Trade financing allows you to work directly with your suppliers for financing to help with cash flow. “If you’re buying equipment, you can finance the equipment directly through the equipment dealers,” Stephens said. “It’s also sometimes really cheap because they just use the financing as another hook to get you to buy the equipment because they’re making the money on the equipment, not just on the loan.”
How Do You Increase Your Likelihood to Qualify for Financing for Your Startup?
A well-articulated business plan is key to improving your chances of qualifying for any type of financing.
“Having a business plan that is really solid and easy to follow is really important because your lender is going to take a close look at that as well,” Serio said. “You’ll definitely want to focus on financial projections because that will be the basis of whether or not you get approved a lot of the time.”
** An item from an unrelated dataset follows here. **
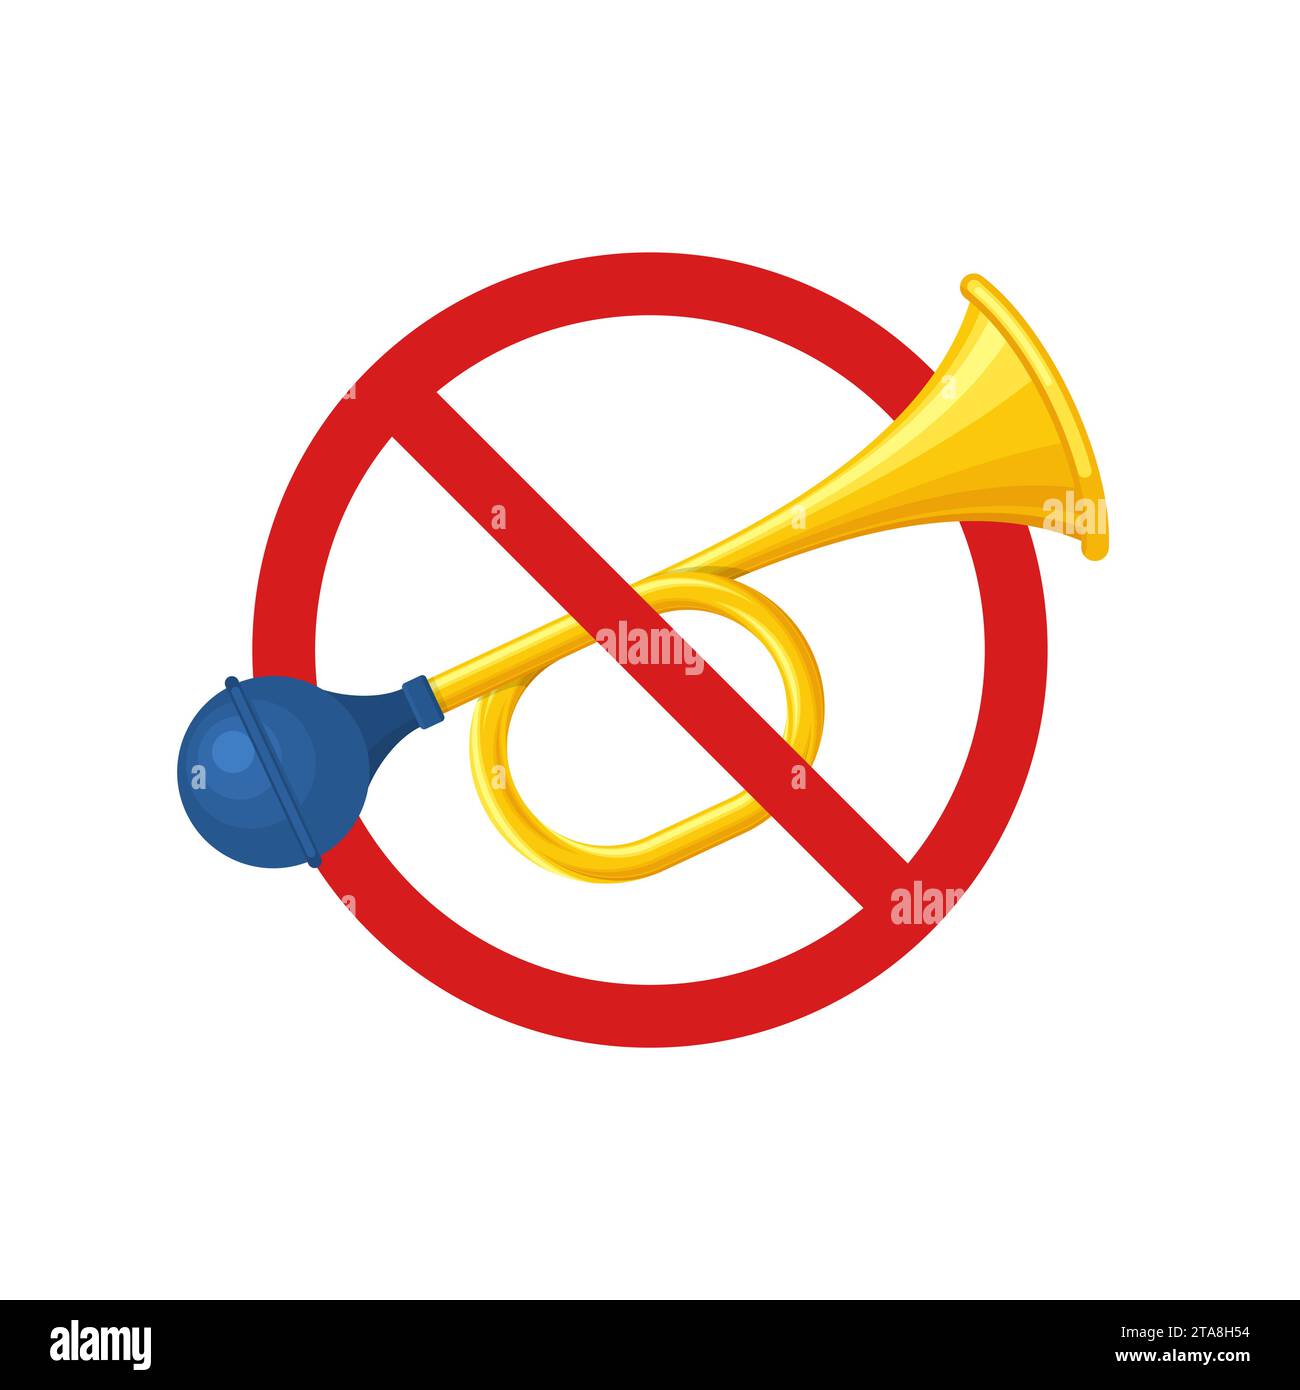 Kein Signalhorn auf weißem Hintergrund. Durchgestrichenes Signalhorn-Symbol, Verbot rauer Geräusche. Hupen verbieten. Kein lautes Symbol. Stock Vektor

She continues, “Securing a loan with business assets can help you get approved, if you have them. If you don’t, you’re probably going to be required to give a personal guarantee, so make sure that you’re personally able to afford repaying the loan.”
Since so many loans for startups depend on personal finances in the early stages, be sure that your credit score is as high as possible.
If your business does have hard assets and you can prove positive cash flow, it might be easier to qualify for a loan.
“Loans are paid back with cash, not profits. So, you really want to focus on the cash flow of the business,” Stephens said. “You may have a very profitable business, but if it’s not showing positive cash flow, then you have a big problem because you have to pay back the loan with cash.”
Haemmerle encourages entrepreneurs to share their startup stories with all sorts of people — you never who might be interested in your idea have access to capital. “As an entrepreneur, you’ve got to be scrappy to make it work and not be afraid to get rejected,” he said. “The more people you tell you’re looking to raise capital, you never know where you’re gonna find it. If you believe in the idea, stick with it.”
Reflecting on MavenNext’s experience with pursuing financing, Manner said, “Make sure you read the terms. Plan for your loans well ahead of time. Having urgency around it is never a good thing.”
Depending on the amount of risk an entrepreneur is willing to take, that will influence the types of financing options available for consideration.